Top Tips to Cope With Two Children
Top Tips to Cope with Two Children
With a relatively short age gap between our kids, we were the first of our NCT group and the first of quite a few friends to have a second child. Now, as many of them go on to have second children, I am often asked how I coped. Here are my top tips on how to cope with two children in the early days:
- Buy a sling: we agonized over which double pram to buy but in the end, until Jasper was six months old, we mostly got around in the Maclaren and a sling. I used a Kari Me sling when Jasper was tiny, a Wrapsody Stretch-Hybrid Wrap and an Ergobaby when he got older.
- Try to orchestrate at least one day a week when the older child is in alternative childcare: for the first two weeks of Jasper’s existence, we remained in our four days per week contract with our childminder. It was a great weight off my shoulders to know that she was in a happy place that she knew whilst I got to grips with a newborn again. After the first two weeks, we then dropped her days to two per week for the next eight months. As well as giving me a bit of a break (one child is an absolute breeze when you’ve got two – who knew?!), it also gave me the chance to do one or two classes with Jasper – a fraction of what I did with Romilly but at least It was something.
- Let number two fall into your existing routine: from day one, I bathed both kids together (we held Jasper in our arms until he was big enough to go in a bath seat). I’d put both kids in their jammies, feed Jasper (Romilly would ‘breastfeed’ her dollies at the same time!), put Jasper to bed and then go and read to Romilly and put her to bed. Even though Jasper would be awake two hours later, I found it easier to make 7pm his official bedtime too.
- Don’t panic when your partner goes back to work – you’ve got this! The first couple of weeks are so intense and hopefully your partner will have been providing you with plenty of help – getting you drinks, tending to your older child, making meals, etc – that you will wonder how the hell you’re ever going go cope when it’s just you and the two kids. I’ve been there and got that t-shirt. Guess what? You will muddle on through and find your way. I think it took me about two months to feel like I had some element of control over our days but we got there eventually.

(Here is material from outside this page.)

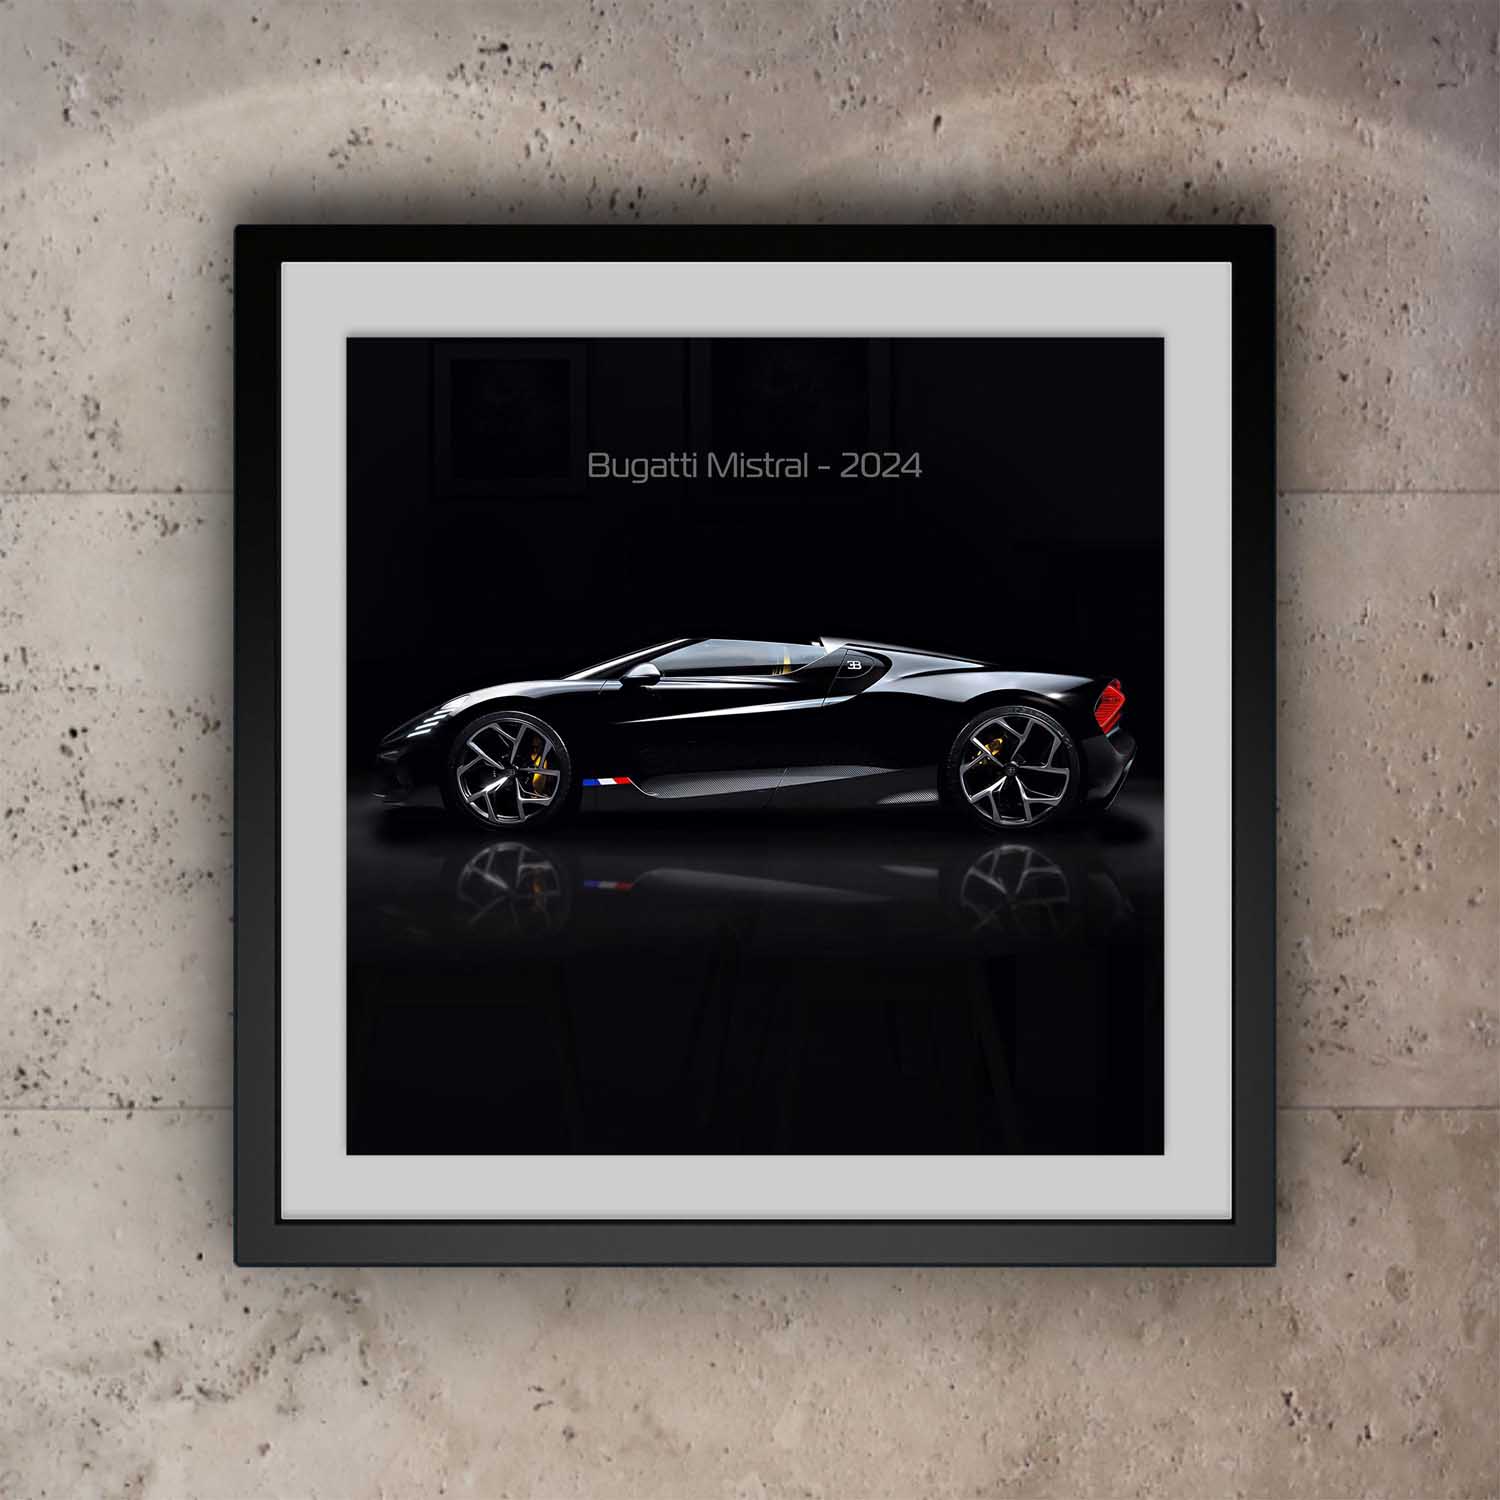 Bugatti Mistral Wall Art - Side

- Be prepared for your social radius to shrink! When we just had Romilly, I would travel into London to meet friends, easy breezy navigating trains, escalators, tubes and barely thought anything of it. With two – and especially two under two – if some form of entertainment wasn’t within a 15 minute walk, forget it. It just wasn’t worth the effort! Even now that Jasper’s two and Romilly’s four, the thought of going into London on my own to meet a friend fills me with too much trepidation. Instead, I built a VERY local network of playgroups, classes that worked for two kids and didn’t cost the earth, coffee shops and friends with kids of a similar age who are within walking distance of my house.

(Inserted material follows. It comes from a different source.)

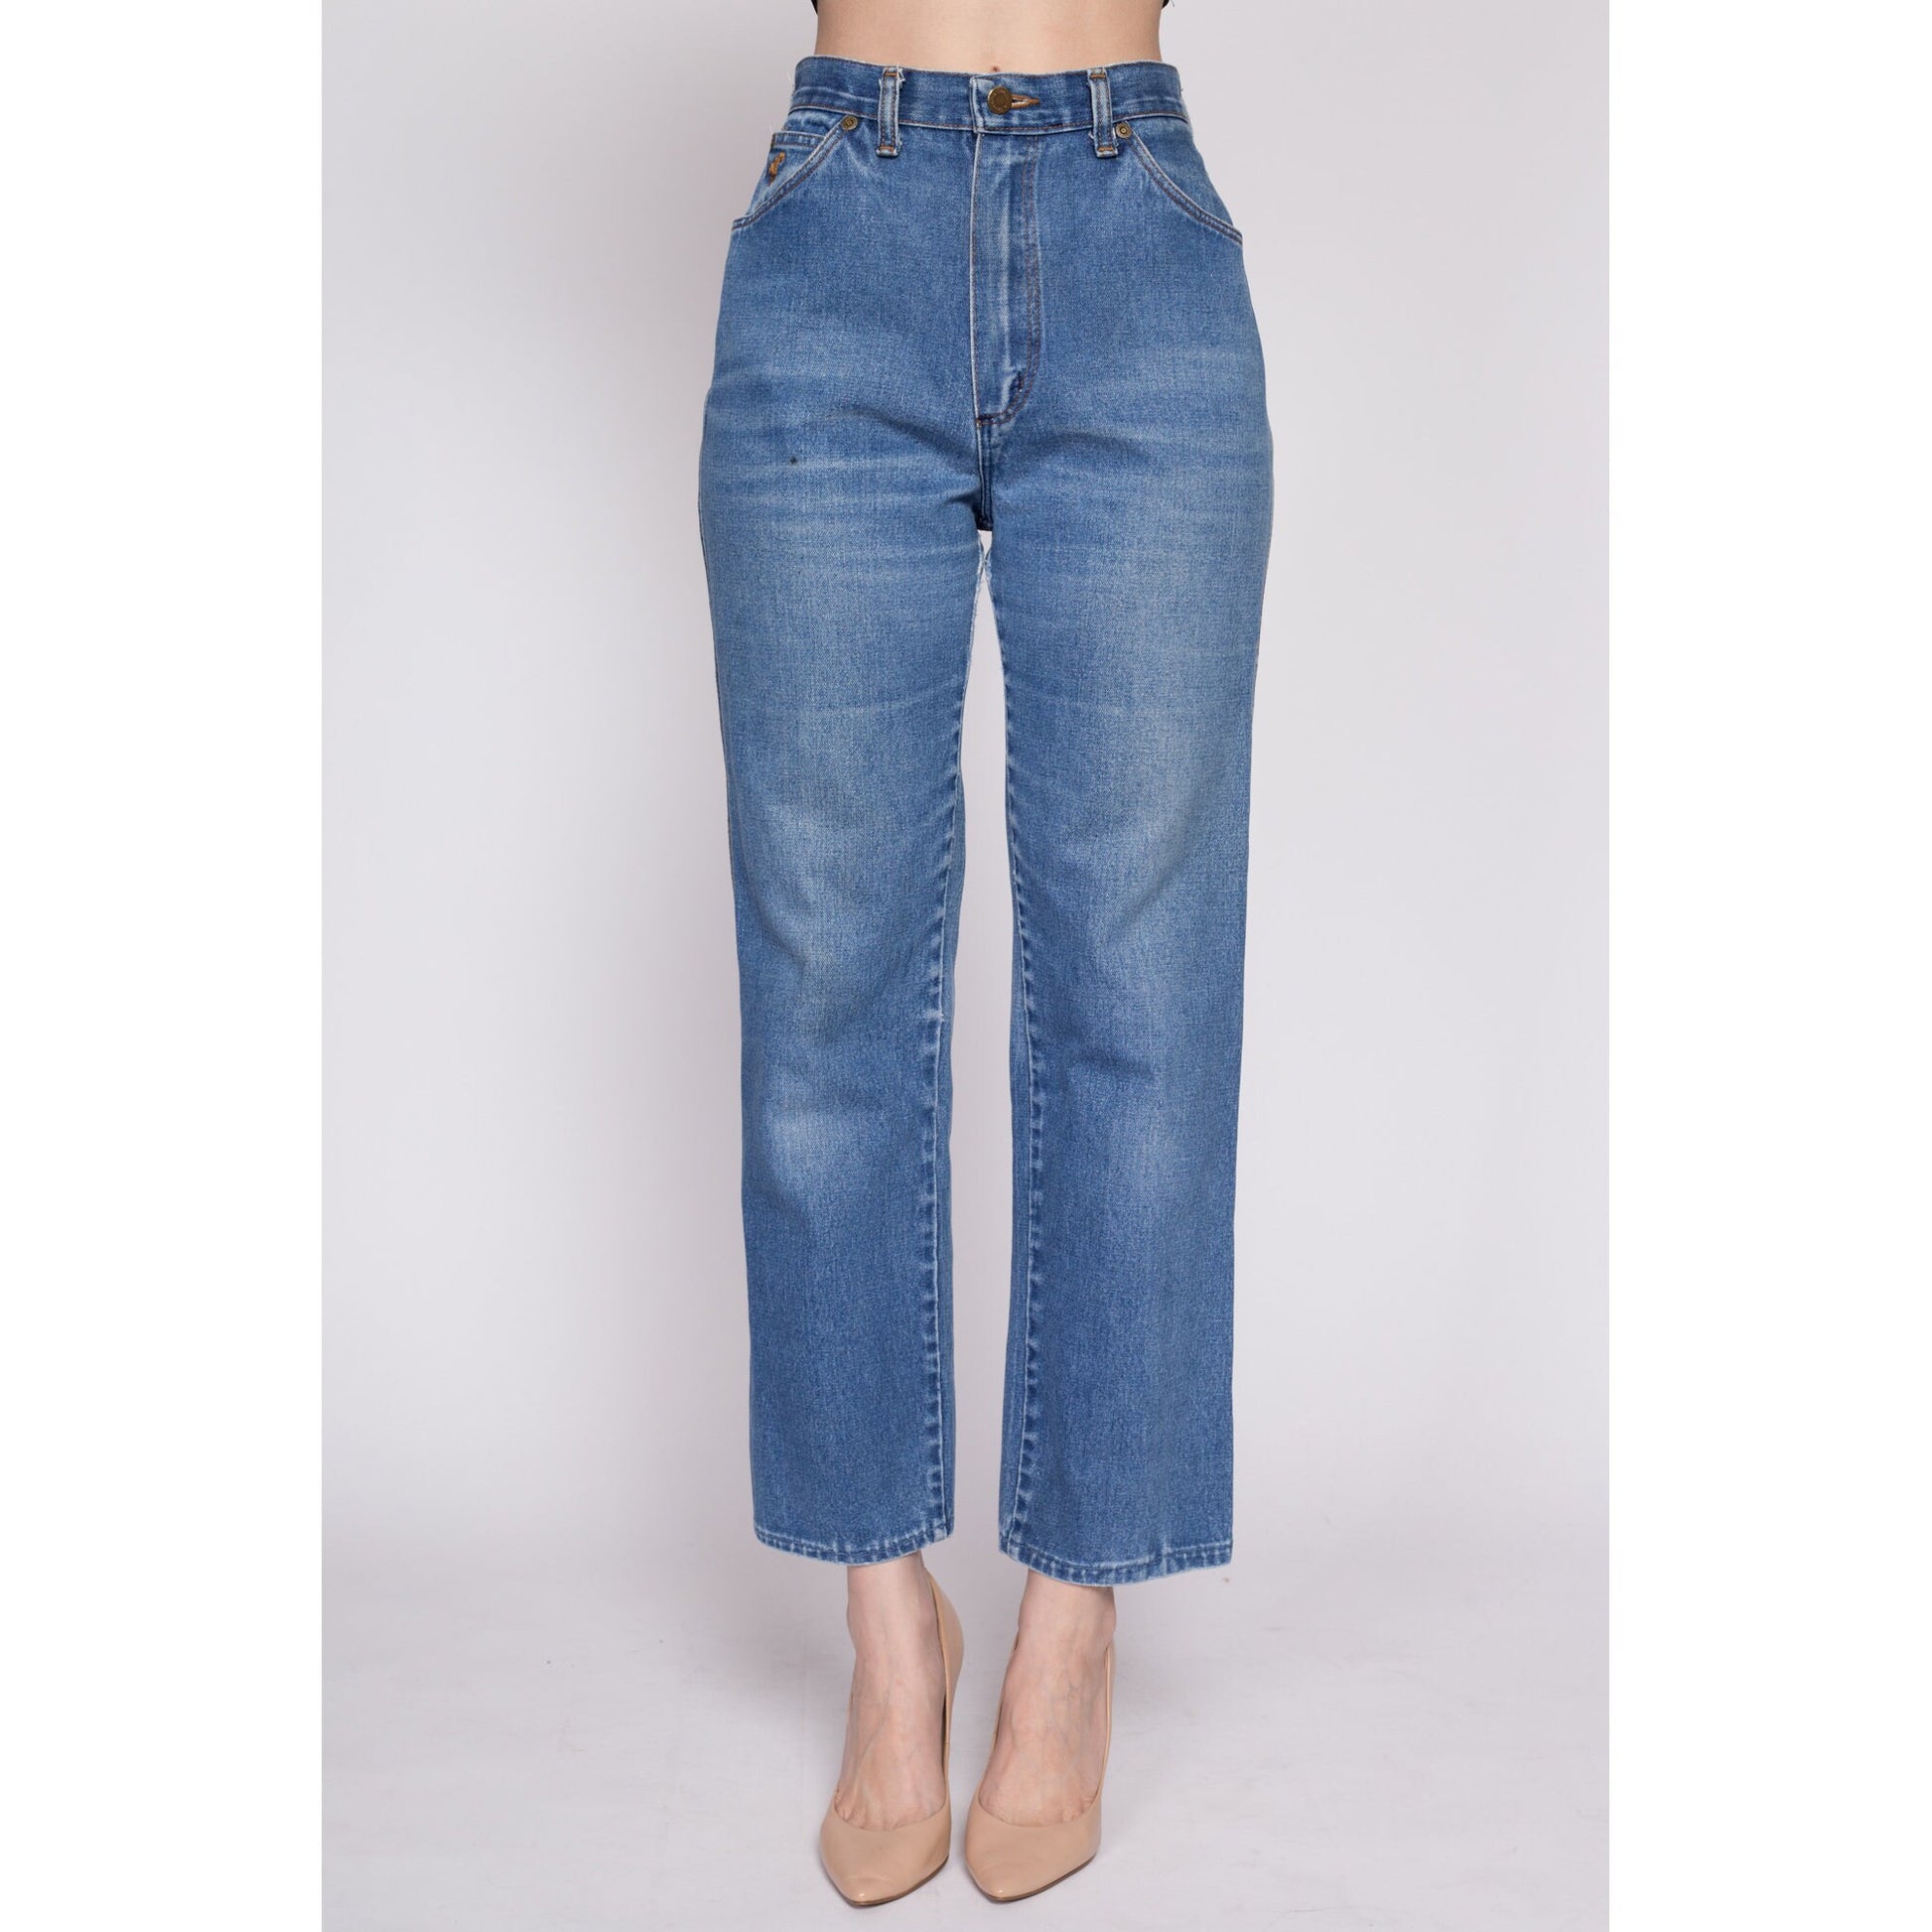 Small 70s Wrangler High Waisted Jeans 26" | Vintage Straight Leg Soft Denim Mom Jeans

- Playgroups will be your saviour: if you didn’t do playgroups with your first, then I’d highly recommend you find some when you have two. They are perfect for toddler entertaining whilst baby is in the sling or in the baby corner if there is one. Plus, there will be so many other lovely mums who understand what you’re going through that when you need to nip to the loo for two minutes of peace and quiet, they will keep an eye on your unruly toddler and give your screaming baby some cuddles while you’re gone.
- Don’t be afraid to ask for help: I am the worst person in the world when it comes to asking for help. I generally live my life by the mantra of ‘if you want something done, do it yourself’. Since having kids and particularly having two, there are increasing numbers of occasions when I don’t have any choice but to ask for help. I’ve found mummy circles so supportive and willing to do anything for a fellow mum. As a result, I’m much less nervous about asking and am delighted to return the favour when I can.